I've slightly modified your code, and it seems to work:

import time
import math
import os
import sys
import numpy as np
import sympy as sym
from sympy.stats import Normal, density, E, std, cdf, skewness
from sympy import lambdify
from scipy.optimize import minimize
from pathos.pools import ProcessPool as Pool
import pathos

#The following creats the log-likelihood function for 10 gaussian observations.
CS1_Onsets = np.array([11.65239205, 23.67586247, 31.96652543, 40.59708088, 48.44196047, 57.50153782, 68.16787918, 76.90944557, 88.71767575, 99.527949  ])
CS_Wait_Times = np.array(CS1_Onsets[0]) # This takes care of the fact that the first observation cannot be obtained by differencing.
CS_Wait_Times = np.append(CS_Wait_Times,np.diff(CS1_Onsets))
del CS1_Onsets
u_CS = sym.Symbol('u_CS',positive=True)
var_CS = sym.Symbol('var_CS',positive=True)
x_CS = sym.Symbol('x_CS',positive=True)
Gaussian_CS = density(Normal("x_CS", u_CS, var_CS**(1/2)))
log_likelihood = 0
#Compute log-likelihood:
for i in range(0,len(CS_Wait_Times),1):
    log_likelihood = log_likelihood + sym.log(Gaussian_CS(CS_Wait_Times[i]))
#########################################          Optimising the log-likelihood function        #####################################
Neg_log_likelihood = -1*log_likelihood
del log_likelihood
Neg_Score = [sym.diff(Neg_log_likelihood,u_CS),sym.diff(Neg_log_likelihood,var_CS)]
##The following implements the optimisation
bounds = [(0.0000000001,86400),(0.0000000001,86400)]  #u_CS, var_CS,u_CS_US_Int,var_CS_US_Int,p_US
options = {"maxiter":400}
Results = [] #Store the results for different starting points.
Initial_Parameter_Estimates = [(1,1),(10,10),(100,100),(1000,1000),(10000,10000),(8,1),(80,10),(800,100),(8000,1000),(80000,10000)]
start_time = time.perf_counter()
Objective = lambdify([(u_CS, var_CS)], Neg_log_likelihood,'mpmath') #This gives the negative log-likelihood in the desired form:
Gradient = lambdify([(u_CS, var_CS)], Neg_Score,'mpmath')

##Parallel Version - The following doesnt work.
def MINI(start_loc):
    import math
    import numpy as np
    import sympy as sym
    from sympy.stats import Normal, density, E, std, cdf, skewness
    from sympy import lambdify
    from scipy.optimize import minimize
    from sympy.stats import Normal, density, E, std, cdf, skewness
    fun = Objective
    x0 = start_loc
    method = 'SLSQP'
    jac = Gradient
    bounds = [(0.0000000001, 86400), (0.0000000001, 86400)]
    options = {"maxiter": 400}
    result = minimize(fun=fun, x0=x0, method='SLSQP', jac=jac, bounds=bounds, options=options)
    return result


if __name__ == '__main__':

    pool = Pool()

    from pathos.helpers import freeze_support
    freeze_support()
    start_time = time.perf_counter()
    RESULTS = pool.map(MINI,Initial_Parameter_Estimates)
    r = list(map(MINI, Initial_Parameter_Estimates))
    finish = time.perf_counter()
    Running_parallel = finish - start_time
    print('Running time of parallel execution is:',Running_parallel)
    # cleanup
    pool.close()
    pool.join()
    pool.clear()

The primary change is to use ProcessPool instead of ParallelPool:
from pathos.pools import ProcessPool as Pool

ProcessPool uses object serialization (using dill), while ParallelPool uses serialization by source extraction (using dill.source).
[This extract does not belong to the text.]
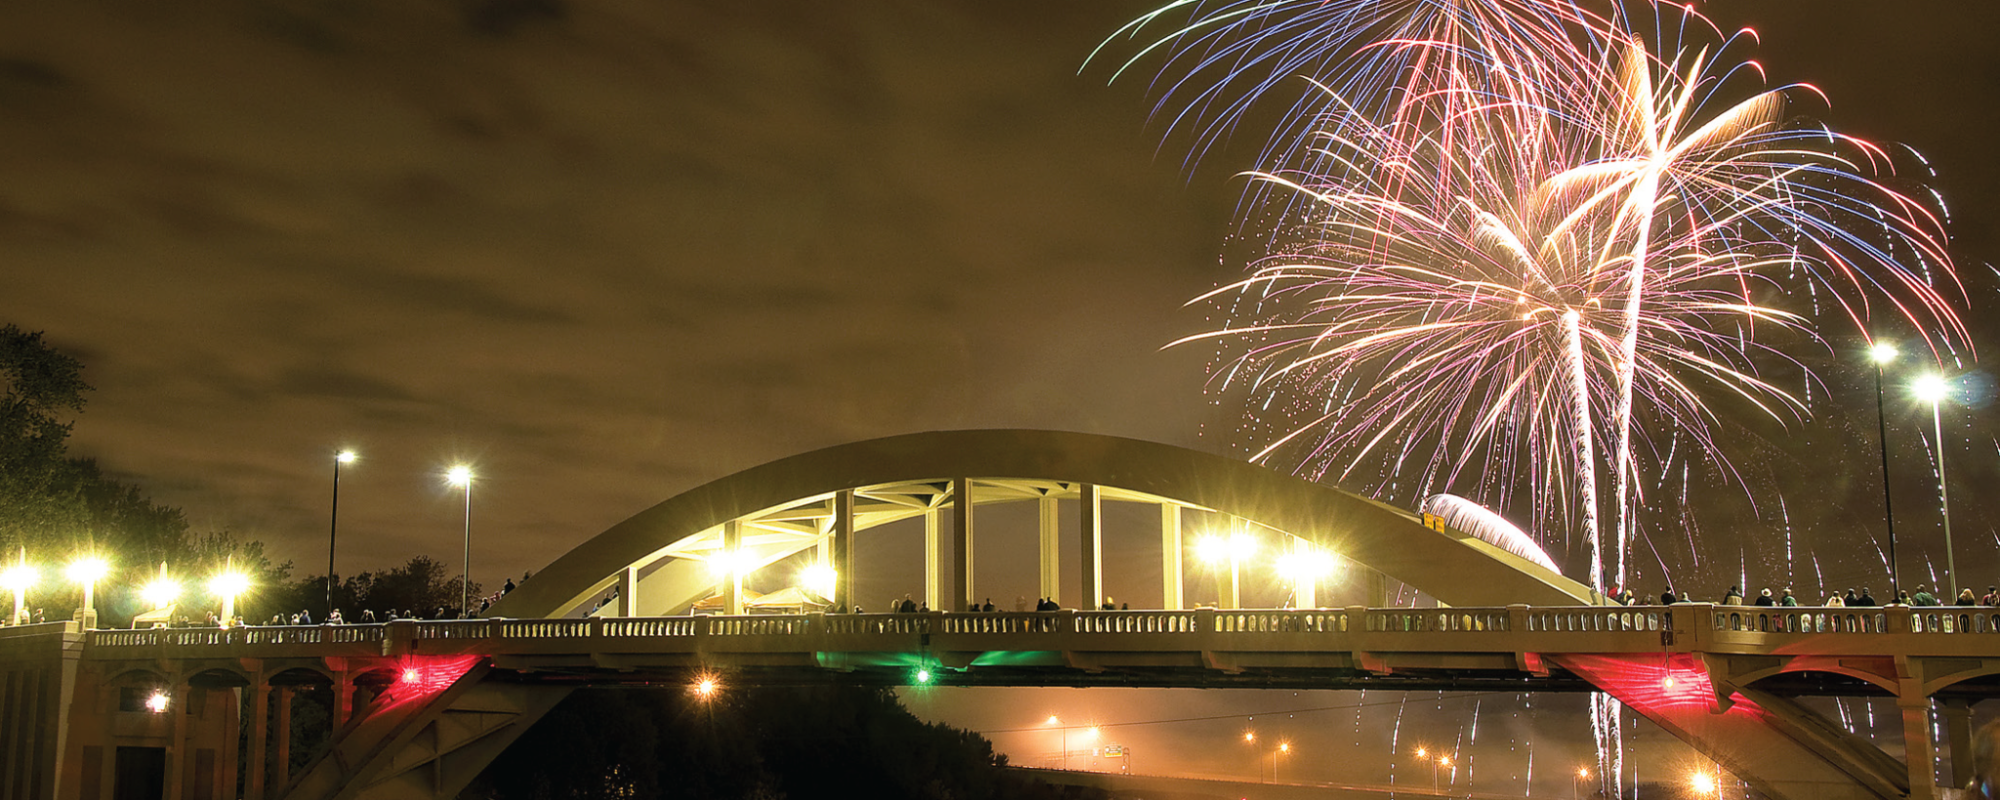 Fireworks burst above a bridge at night.

The former is faster, and more robust. The issue is that the sympy-generated log function can't be found by ppft as it's a dynamically-generated function. ppft checks the namespace of the function MINI... but fails to find log in some cases (as you noted). For functions that aren't dynamically-generated, you can include the importing module, and it does generally find the function. ProcessPool is using multiprocess, which I imagine is what you were wanting to use in the first place.

I'm going to close the issue, but if it doesn't work for you, then please reopen.

from pathos.

FOXP16 avatar FOXP16 commented on August 16, 2024

That did it, cheers mike.

from pathos.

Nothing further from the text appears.